Giorgio Hypnos – The Thing That Asks for Milk (страница 2)
“Sir. Leave the room. Now.”
“Wait, I—” He lifted the camera as if it were his right.
“Faster, sir.”
He caught Kate’s face—for one second. She turned her head and looked at him like she wanted to remember. There was more calm in her eyes than there was in him.
The door shut in front of him with a soft click, like a lock on a cage.
He was left in the corridor with the camera in his hand, and the camera kept recording—his shaking fingers, the white wall, the strip of light under the door.
He didn’t stop the recording.
After that, there were a lot of things he didn’t “turn off.”
***
After that, everything turned into mosaic fragments that wouldn’t fit into any sequence.
A doctor with a tired face. The words: “We’re sorry. We did everything.” A plastic cup of water he couldn’t bring to his mouth—he dropped it, splashing not only himself but the doctor’s blue gown.
Cold, shaking hands, and a stuttering voice that had gone suddenly hoarse. Black-and-white shorts flickered through his mind: a conversation in an office, signatures, stamps, documents being pushed into his disobedient hands.
He signed without looking, barely reading—he wanted to run from the text too badly.
All that remained in his head was: “I had a child… and he died.” And: “Kate is gone.” He repeated it to himself as if the right wording could keep the world from coming apart.
When they gave him his things back, he found the action camera in the bag. It was off; the red indicator blinked—the battery had died. He thought, I need to erase it.
***
Then there was the funeral. Then the house, where there was suddenly too much space.
Then—the first bottle.
Not for pleasure. For sleep. To close his eyes and not see that corridor outside the room, that door, that pause before the cry.
He was a wine critic, a man who could tell by smell whether a wine had been stored right, where the cork had failed, where the taste had “broken.” And now he drank cheap whiskey from the local grocery store because its taste demanded no attention—it just burned and erased whatever it could.
The first days he still tried to live “like before.” He got up, brushed his teeth, shaved, opened his laptop, pulled up his database—neat fields, sorting, and edited notes.
But all of it belonged to someone else’s life.
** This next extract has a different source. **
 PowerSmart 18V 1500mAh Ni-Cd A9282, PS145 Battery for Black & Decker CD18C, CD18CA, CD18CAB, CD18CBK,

His own life had vanished.
The action camera lay on a kitchen shelf beside its charging base. He put it on the charger because that was what he always did.
The router blinked in the corner. A radio on the windowsill muttered something about traffic and the weather. And all of it—light, electricity, sound—kept the house in a state of “normal.”
Leo’s brain tried to live normally during the day, but almost every evening his thoughts carried him into the dark, and he left the empty house for another dose of whiskey.
***
He tossed and turned, slipping in and out of dreams he couldn’t remember. And then the pain came.
Not physical. The kind that lives under your ribs like a cold piece of metal, and if you breathe too deep, it cuts you from the inside.
He sat up and swung his legs to the floor. Somewhere in the kitchen a clock ticked. Tick. Tick. Tick—like the steps of a midwife walking away down the maternity-ward corridor. In his head, flashes of that night ran again.
“We’re sorry…” the doctor had said then, and the word fell onto the tiled floor like a shattered cup.
Sorry about what? Sorry about the woman he would never see again? Or about the baby they hadn’t even had time to name?
He got up, went to the bathroom, splashed water on his face. In the mirror—stubble, red eyes, skin a shade darker from exhaustion.
On his wrist was a fresh scratch.
He didn’t remember where it came from. Maybe last night, when he was swaying around the yard, he snagged himself on a nail in the fence. Maybe he dropped a bottle and picked up the shards. The scratch was long, ragged, swollen.
“Like everything else in my life,” he thought. “Ragged.”
Near the couch he found what was left of the whiskey and took a swallow. The alcohol spread down his throat, burned, and his head got quieter—not better, but quieter, as if someone had turned down the radio that played the same word around the clock: too late.
Chapter 3
A couple of weeks later, one evening, Leo came back from the store with a grocery bag that held a lot more alcohol than groceries, and he saw a shoebox on the threshold of his house. He swayed a little from what he’d already had to drink that night.
He set the bag down on the porch beside him and bent toward the box, listening. Something moved inside.
Leo jerked back and scanned the area, trying to make out in the dark who’d decided to mess with him, and why they’d left this box.
The street was empty. Dusk lay over the scattered leaves like a dirty bluish film. Somewhere in the distance a car went by.